Comparing the EQ-5D and the SF-6D descriptive systems to assess their ceiling effects in the US general population

Value Health. Jul-Aug 2006;9(4):262-71. doi: 10.1111/j.1524-4733.2006.00108.x.


Objectives: The EuroQol (EQ-5D) and SF-6D (derived from the SF-12) were compared to assess any ceiling effect in the EQ-5D and the SF-6D descriptive systems. In addition, the Physical Component Summary (PCS-12), the Mental Component Summary (MCS-12) and the EuroQol Visual Analog Scale (EQ-VAS) were compared on their discriminative ability to detect differences among individuals with different morbidities and sociodemographic characteristics.

Methods: Data from the 2000 Medical Expenditure Panel Survey were used for the analysis.
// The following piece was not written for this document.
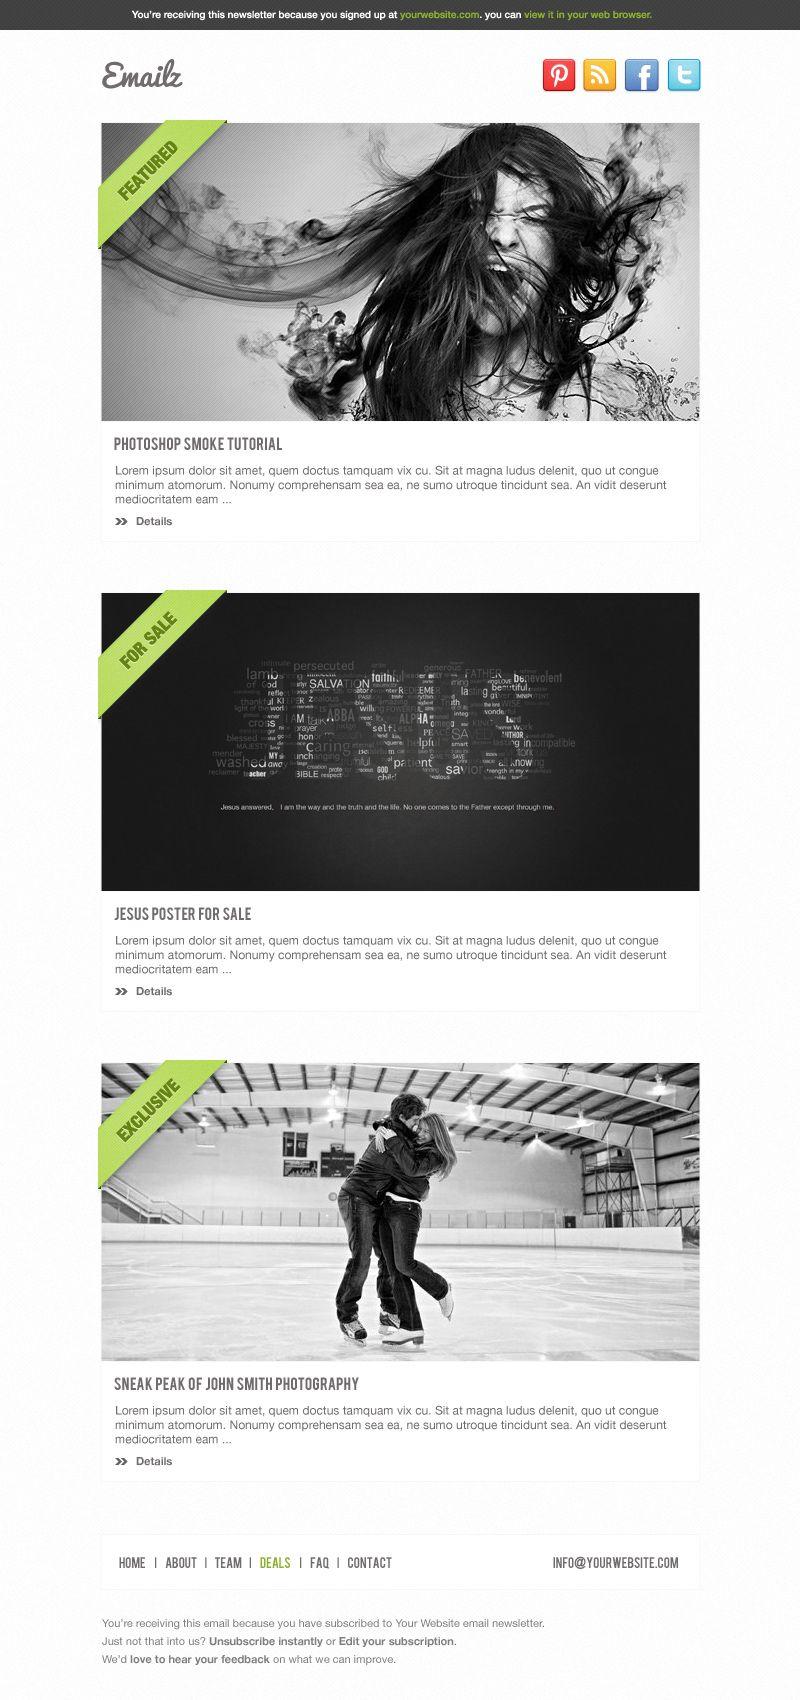 Email Template 5 | Best PSD Freebies www.bestpsdfreebies.com/freebie ...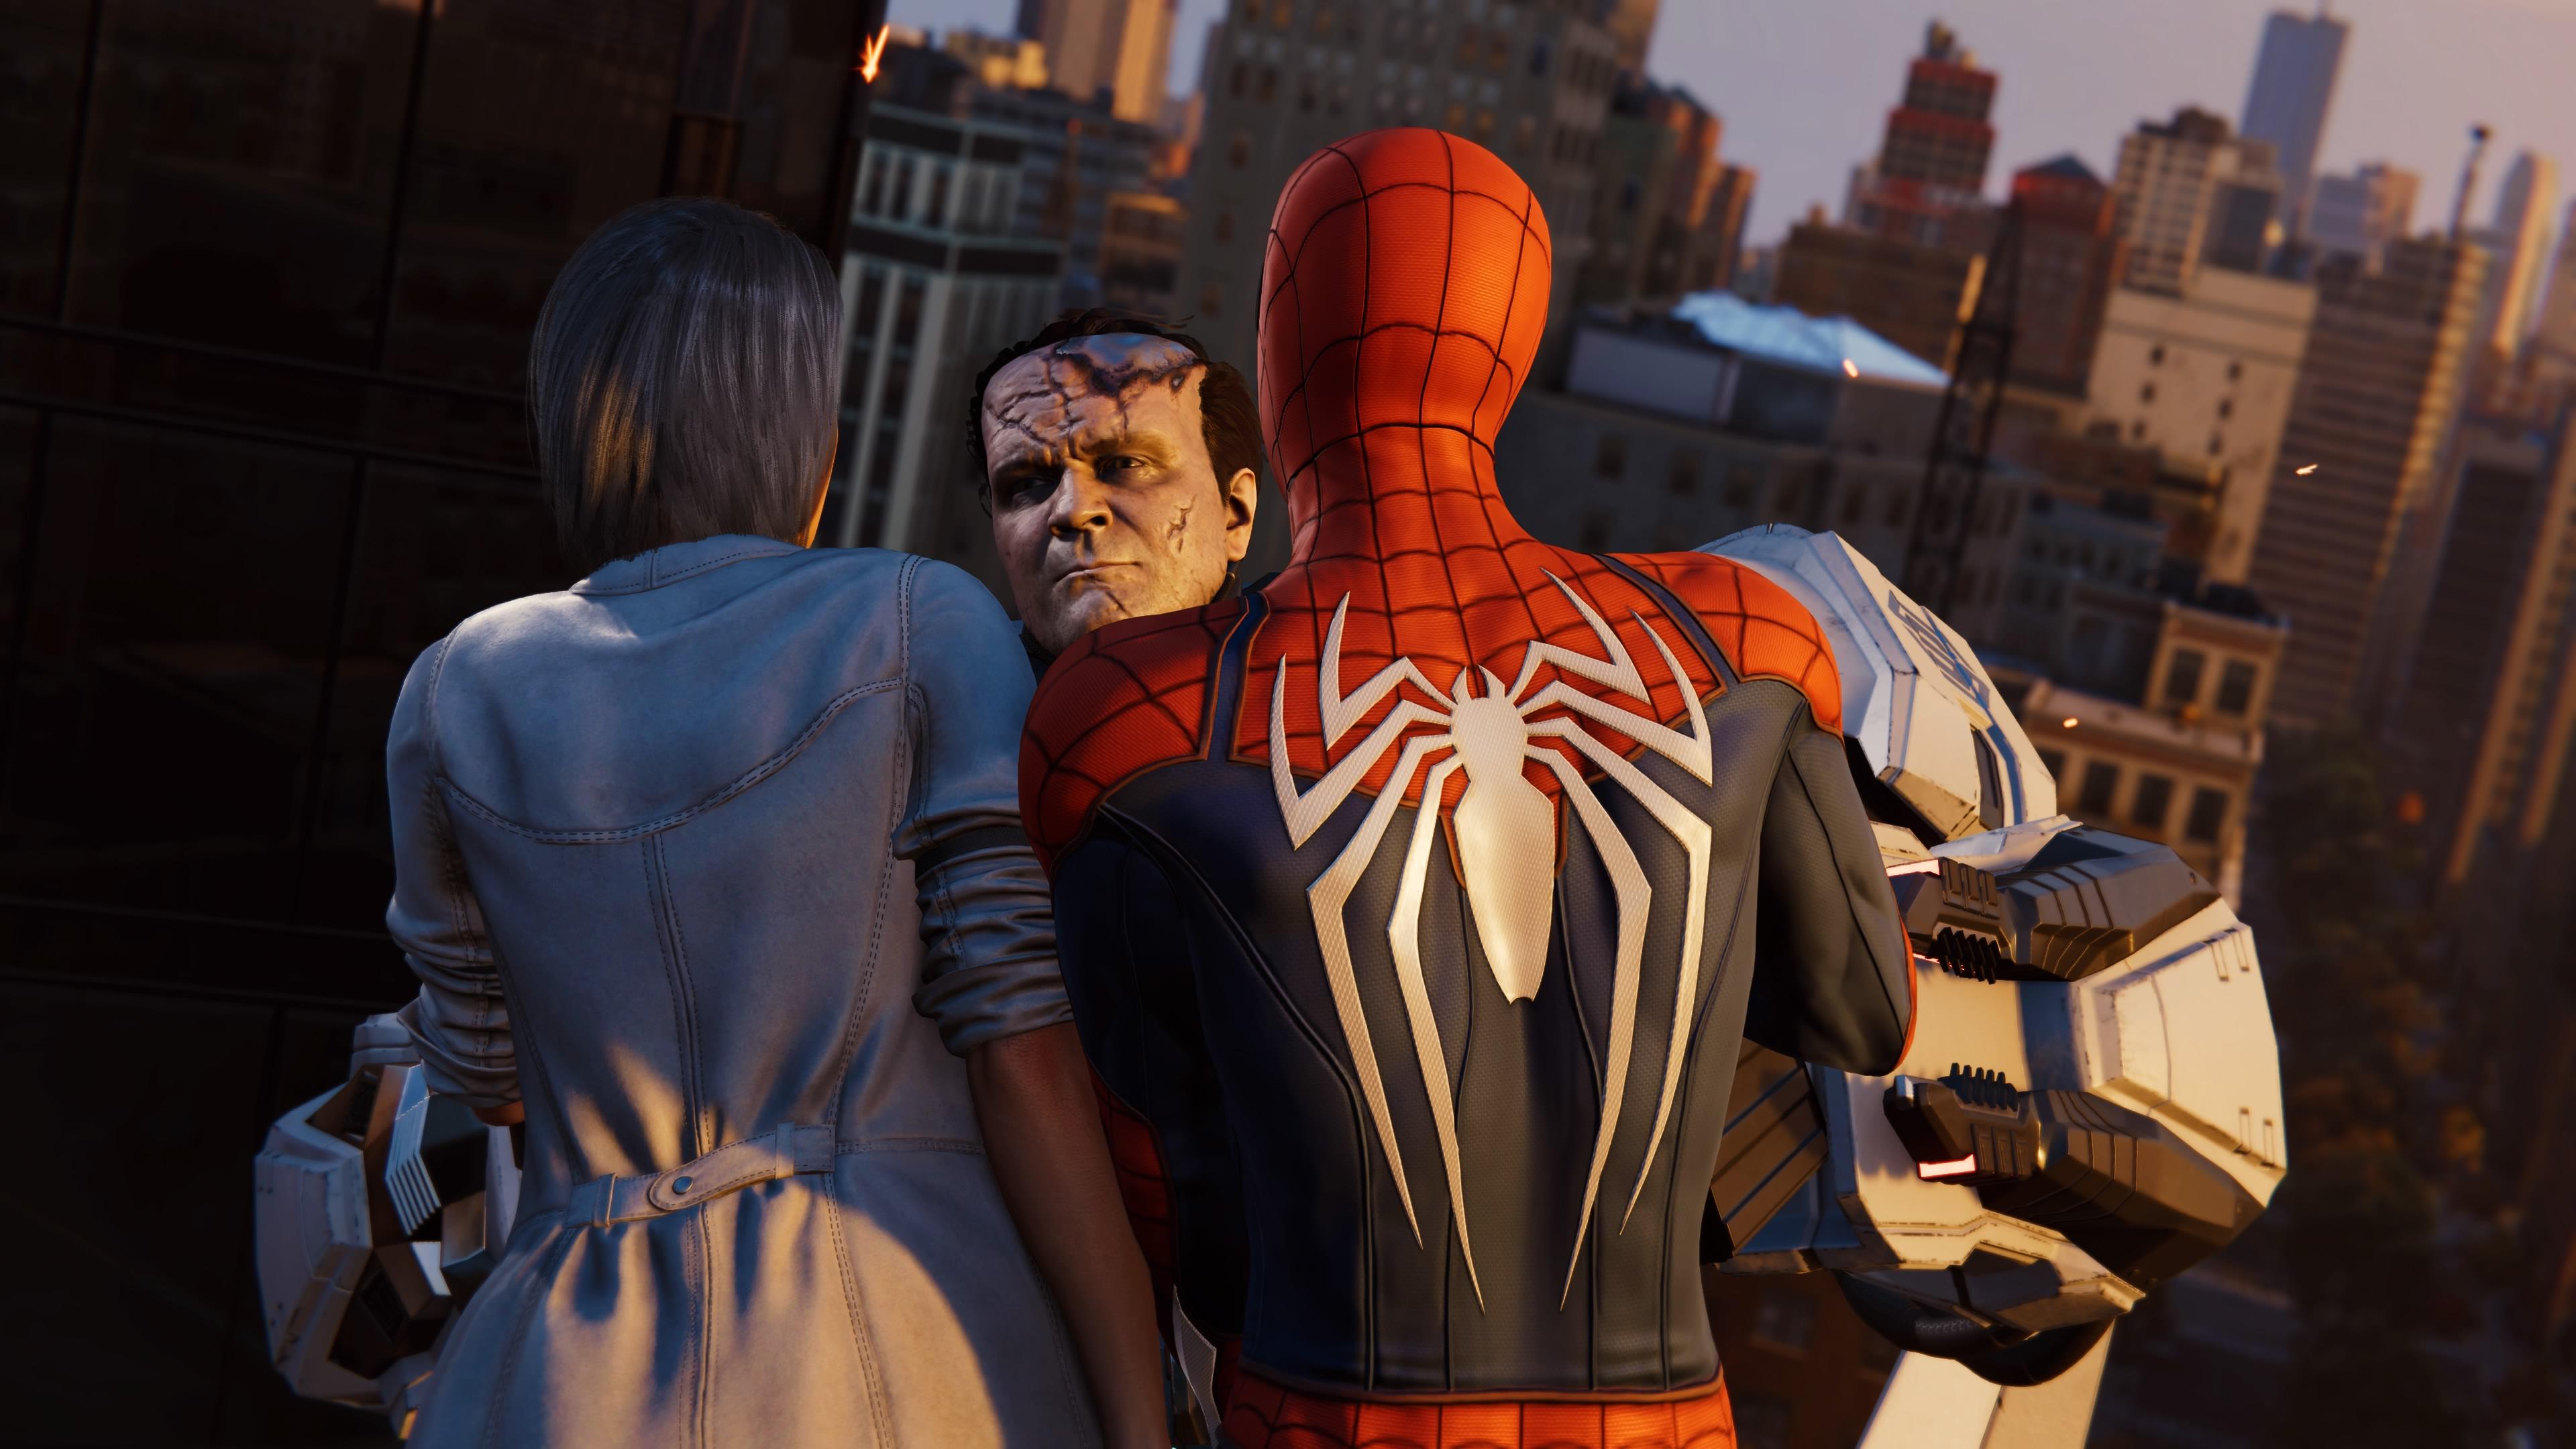 Joseph Martello (Earth-1048) vs. Peter Parker (Earth-1048) and Silver Sablinova (Earth-1048) from Marvel's Spider-Man (video game) 001.jpg

A total of 11,248 individuals that were 18 years or older and had data on all the study variables were included in the analysis.

Results: A total of 5104 individuals (47%) reported no limitations on all of the EQ-5D dimensions and only 683 (5.8%) were classified in full health based on the SF-6D descriptive system. Approximately 49% of the respondents that reported no limitations on the EQ-5D reported feeling "tense or downhearted and low,""a little," (level 2) or "some" (level 3) of the time on SF-6D. PCS-12 scores and EQ-VAS scores among individuals reporting no limitations on the EQ-5D descriptive system were significantly lower for respondents reporting coronary heart disease, angina, diabetes, myocardial infarction, high blood pressure or joint pain compared with respondents that reported no medical condition. Effect sizes for medical conditions using the PCS-12 were larger than the effect sizes using the EQ-VAS.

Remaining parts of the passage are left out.